Thursday, 20 October 2011

THE QUESTION

the question is.. why?
i am replaying those crucial times in my life when i actually convinced myself that perhaps this is what i had love to do for the rest of my life.. i am trying to find out where exactly did that glitch happen which thrust me into this one-heck-of-a-profession.. !!!
i am not complaining.. coz somewhere down the road i see those pretty framed photos of well doing doc girl doing a gr8 job, making it big at the industry.. but the path of getting there looks damn fuzzy.. now, who could tell me why??
perhaps its the gross embarrasment of finding myself to be 'not' that cool gal who is gonna be 'legendary' in medical mad house, that hit me hard on the face.. but i am not gonna give up.. oh no.. not me. coz i am no quitter and every time i was beaten up by the cruel reality, i hav bravely- yelled out aand kept out of trouble till the coast was clear, and then- stepped upto my stands and faced life courageously..
so all i want to ask them is... why not...??

:)

2 comments:

  1. Good job on the blog meenu'kutty'. Should I start with appologies for a late response on ur new venture. I can see how good a pitch it is.
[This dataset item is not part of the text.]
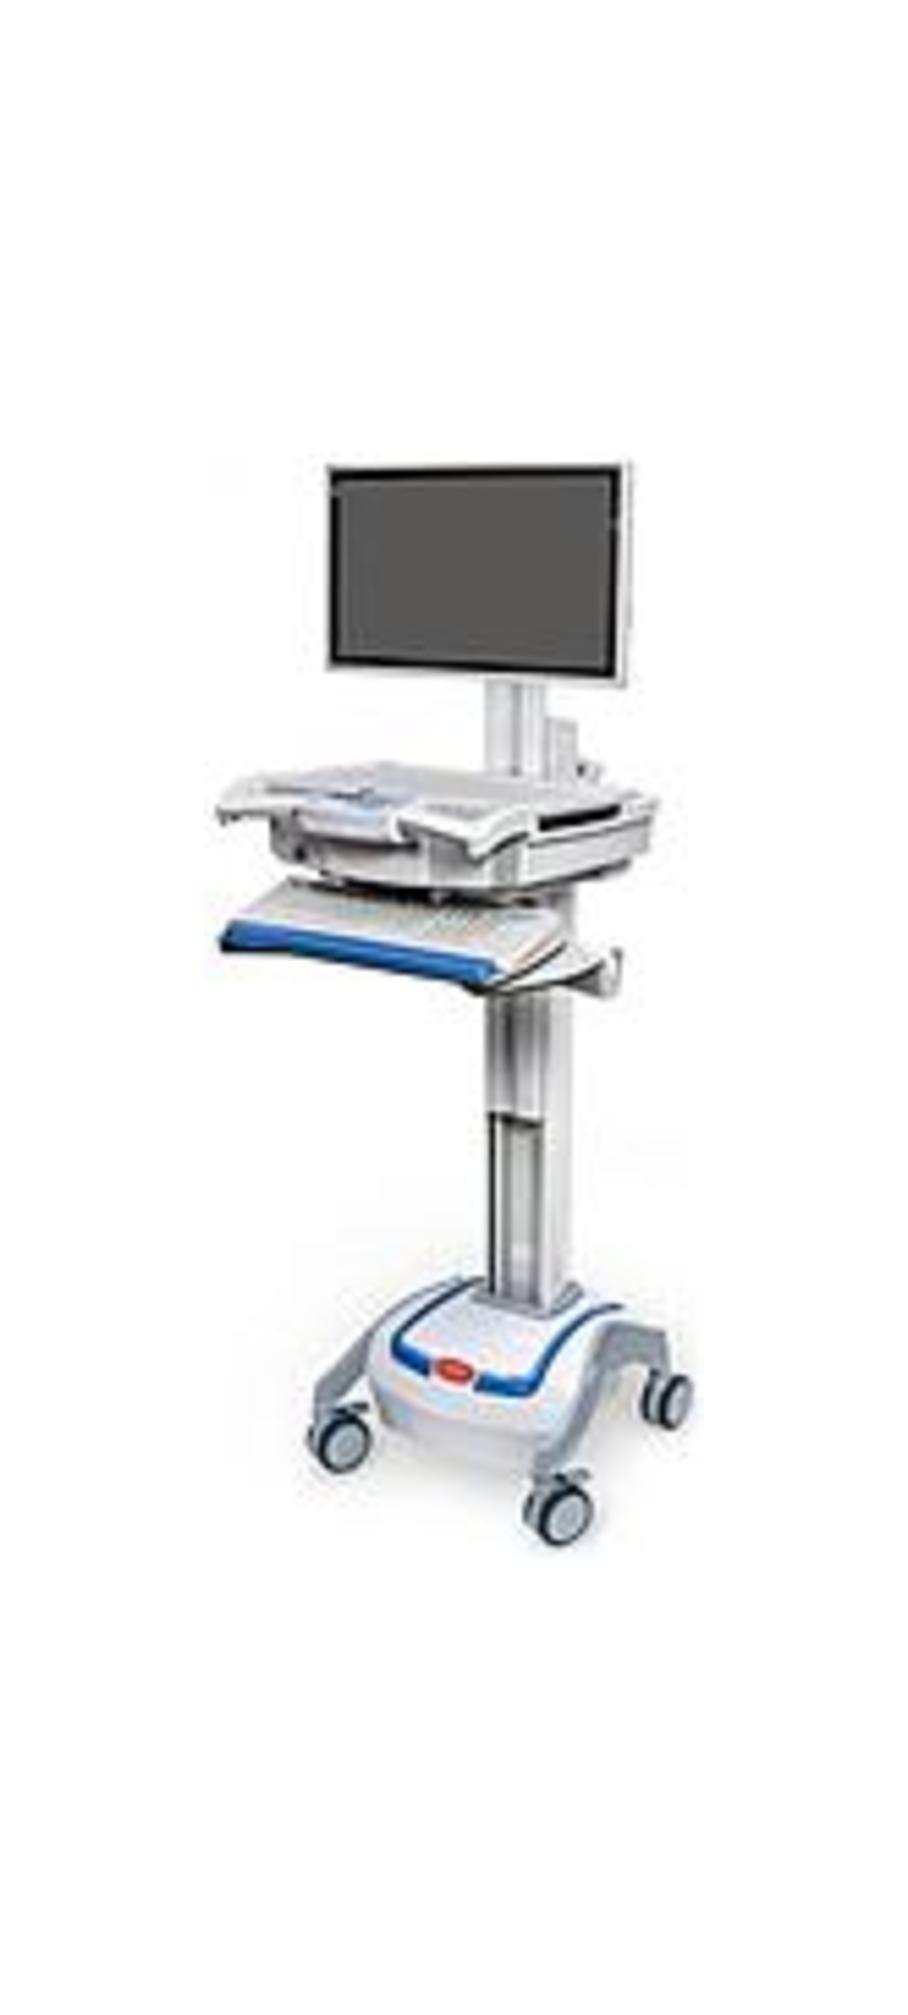 Capsa Healthcare 1975076 M38e XP Non-Powered Point of Care Mobile Cart - White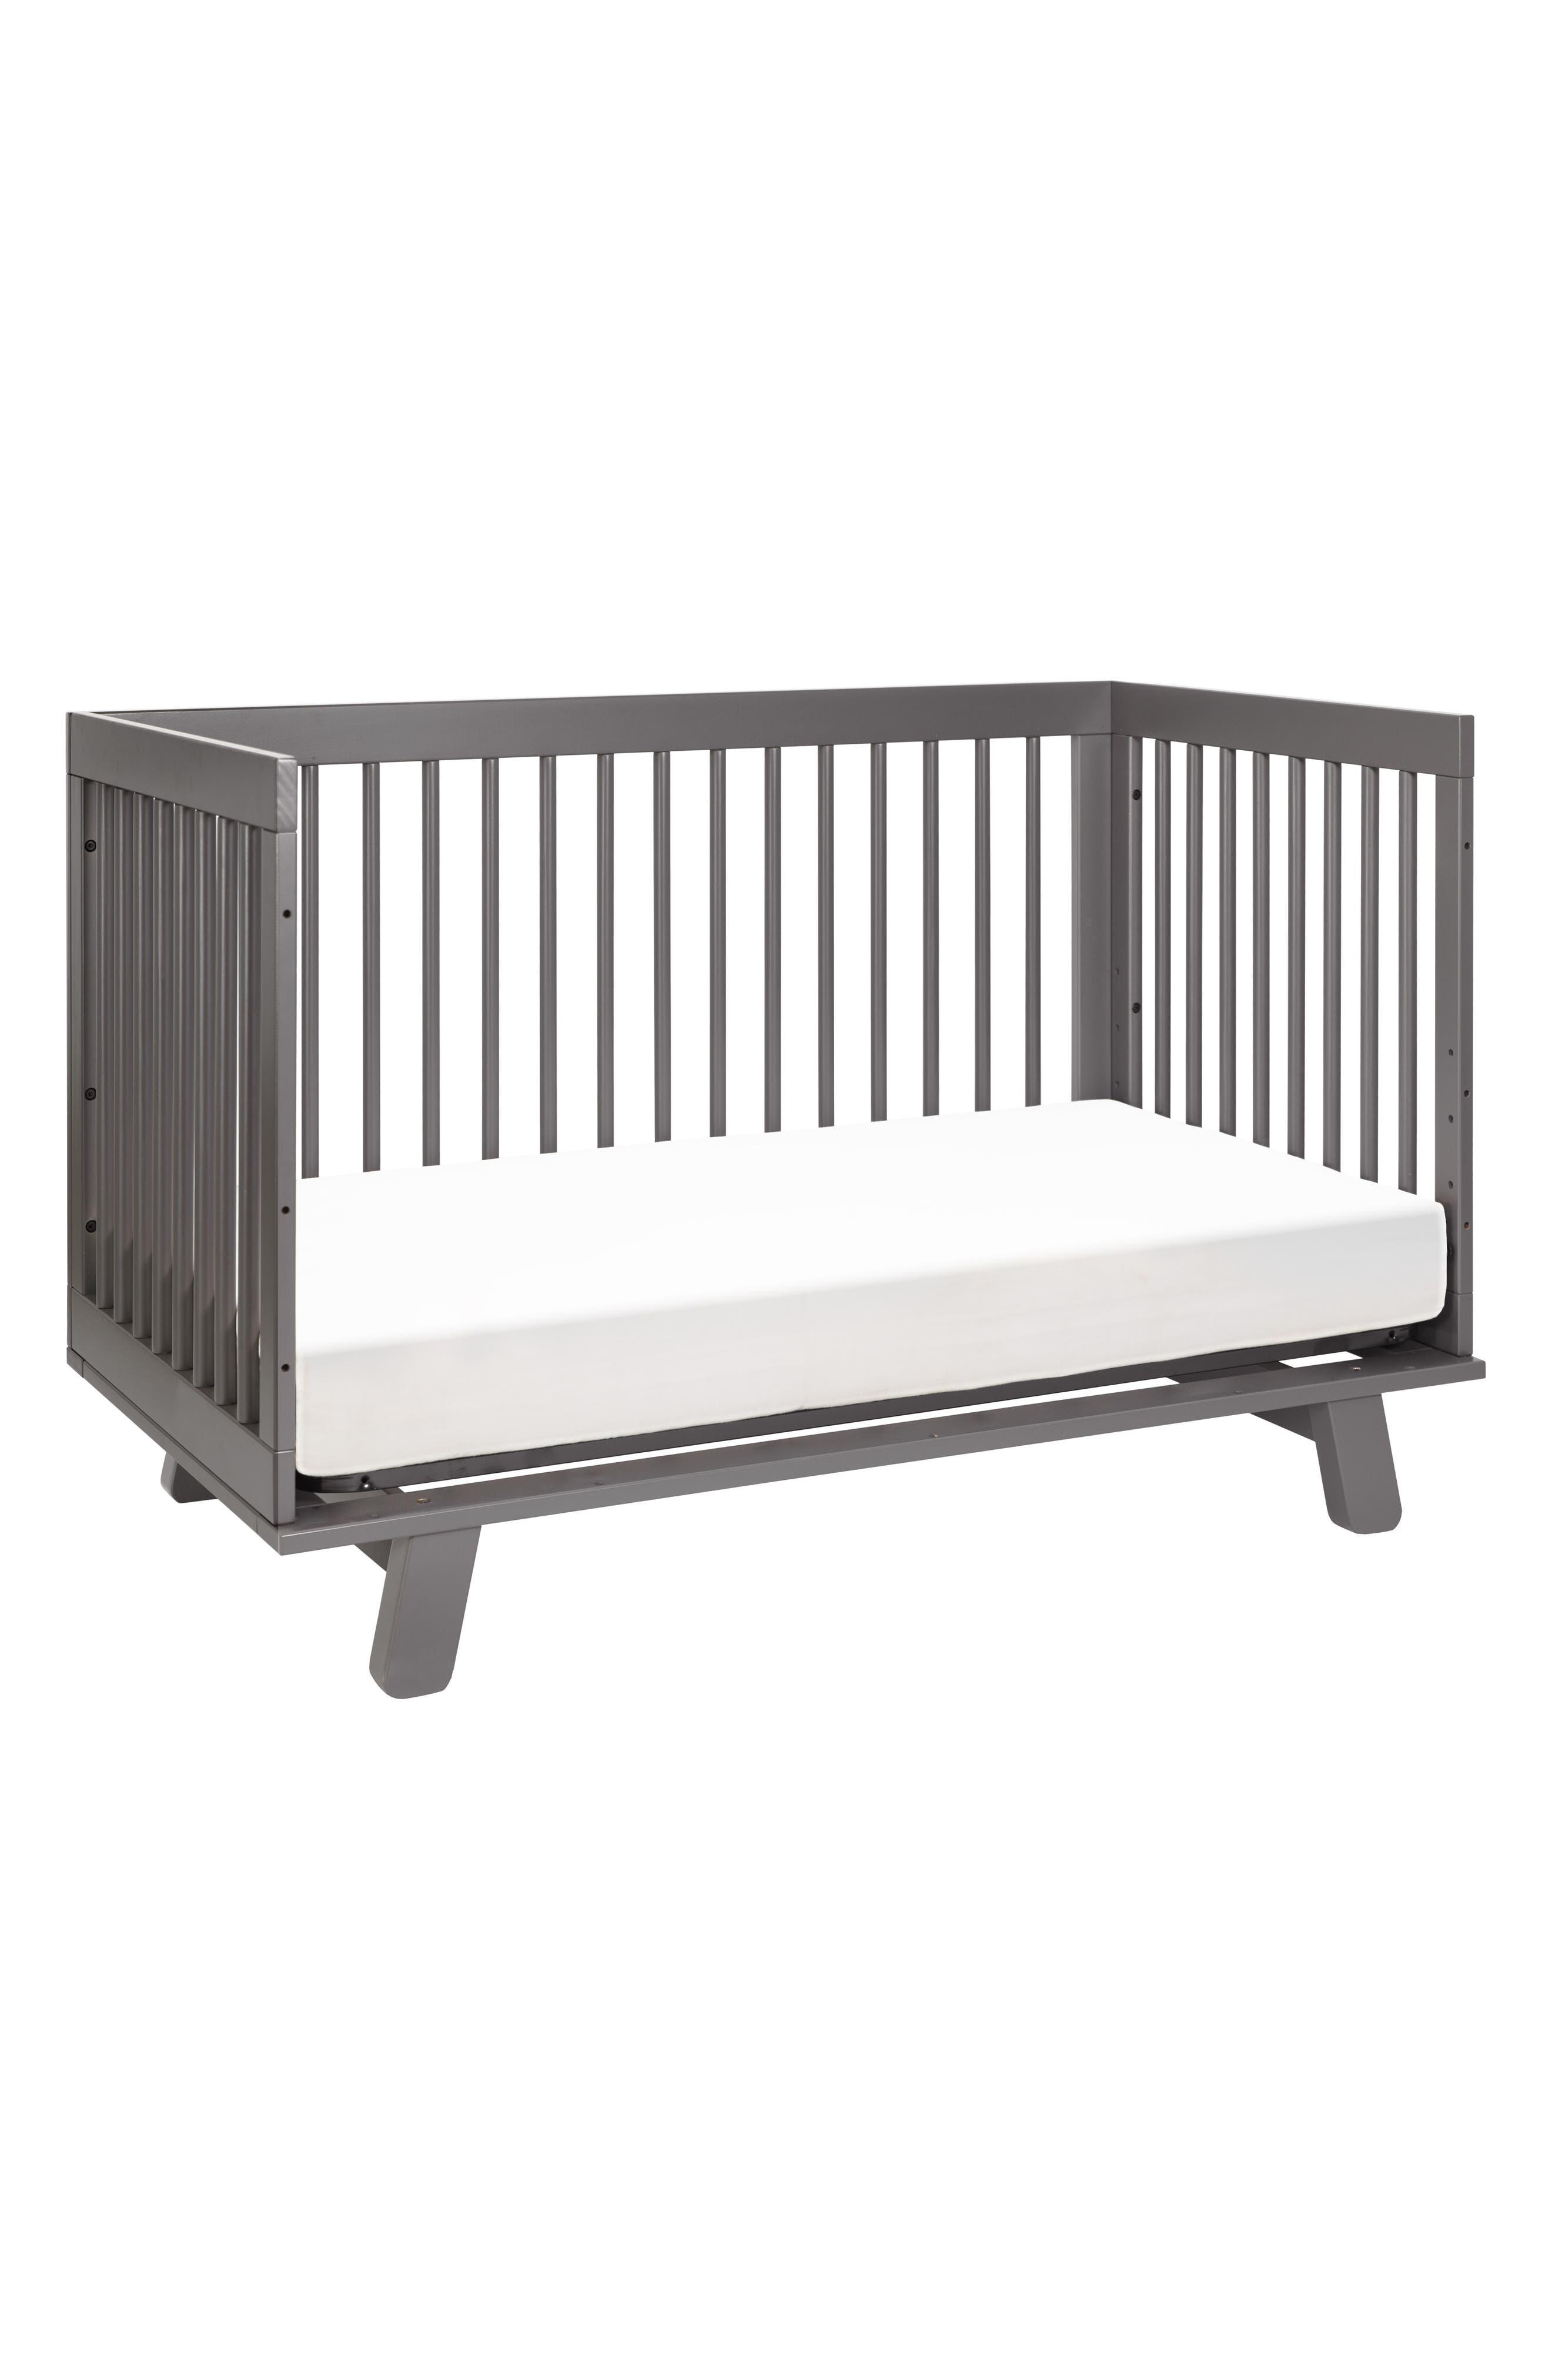 'Hudson' 3-in-1 Convertible Crib,                             Alternate thumbnail 4, color,                             021

    Commenting on the above post itself, as they say, it's foolish (and counter-productive) to constantly pursue pleasure as an end in itself. Happiness, they say, is a by-product of satisfying work. What we can do is "enjoy ourselves" by striving to appreciate the wonder of our life and times, including the inevitable setbacks.

    Bottom line is, u should enjoy what u're doing at any point in time.